I submitted the PR here, for those that want to see and test out the change for themselves.

chris · January 25, 2020, 7:41pm

Thanks.

As mentioned in the PR, I agree with your assessment of the issue, but would like to solve it in a different way as your implementation will have side effects. I won’t go into the details here as we will duplicate everything.

Celaeno1 · January 25, 2020, 7:41pm

I don’t care if it is related to network layer or application layer. Heal does not work. Either the controller is busy with something (e.g. getting illumination report or temperature report) or the device is busy (e.g. sending illumination or temperature report) while the neighbors are also requested. There was a change in handling this properly in May or June 2019. Since then heal does not work for my three Fibaro FGMS-001. Waking them up manually during a heal solved the problem. I give it up now.

chris · January 25, 2020, 7:43pm

Maybe it doesn’t work - but we need to know why - and that does require someone to care even if you don’t!

I spend an aweful lot of time working on OH and I’m sorry I’ve not had the chance to look at this for you, but there are a lot of other things I also need to work on.

My apologies again.

Andrew_Rowe · January 25, 2020, 7:52pm

No Chris
Thank you for everything you do and tirelessly diagnois all the zwave and zigbee stuff, maintain these great bindings, help in the forum… THANK YOU!!!
Many people use OpenHAB because the zwave is the best out there (from what I’ve heard)
I personally think you are OpenHAB’s greatest asset
I think I can speak for the entire community
Thank you

Celaeno1 · January 25, 2020, 8:03pm

@Andrew_Rowe @chris

Just to make that clear. I am exactly the same opinion and grateful for all the support here. Thank you very much. I’m just trying to share my ideas here to help solving the problem. Even if my ideas are wrong. I’m sorry.

Bruce_Osborne · January 25, 2020, 8:08pm

That is what brought me here after struggling with the mess that is openzwave. It seems especially bad for North American users.
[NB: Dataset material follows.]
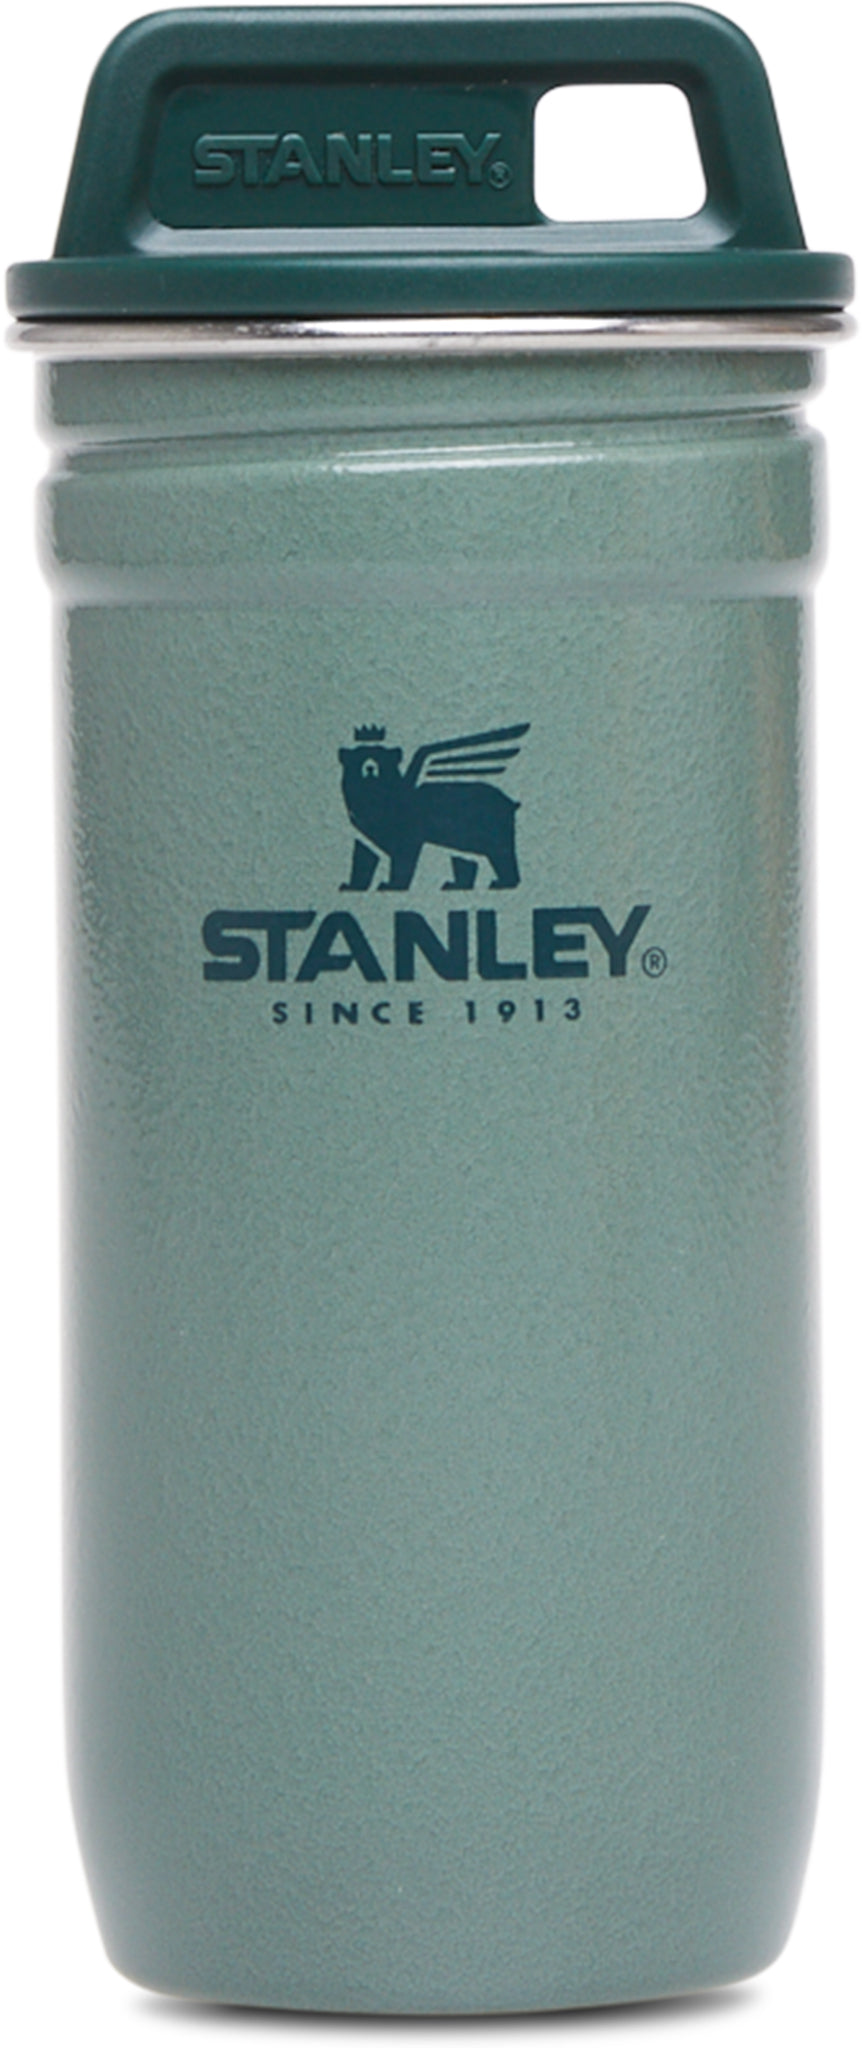 Stanley / The Nesting Shot Glass Set

sihui · January 25, 2020, 8:10pm

ilektron · January 25, 2020, 8:12pm

I’ve worked on a couple of products in my career that implement z-wave hubs, but they all wanted to work in their own walled garden that only officially supported a handful of devices. Even they had significant issues over the years and were unable to even work with the new products that the same company was releasing. One case caused a lock to go through a set of batteries in a couple of days. Between my vivint system zwave going offline every couple of days and looking at the reviews for the smartthings hubs, I ended up here!

Celaeno1 · January 25, 2020, 8:26pm

I don’t have to know that because I’m just a simple Z-Wave user. I don’t care whether there are two different layers in which the devices communicate with each other. In the end, the heal doesn’t work. I’m just trying to explain logically what might have changed in the meantime, that it no longer works. If my assumption is unlikely, then OK.

It is only surprising that heal works for some and not for others. I only have 10 nodes. So there shouldn’t be any problems. Which actually never existed until mid-2019. If it were a fundamental problem, everyone would have it. Probably the number of unreported cases is very high because many have simply deactivated the heal.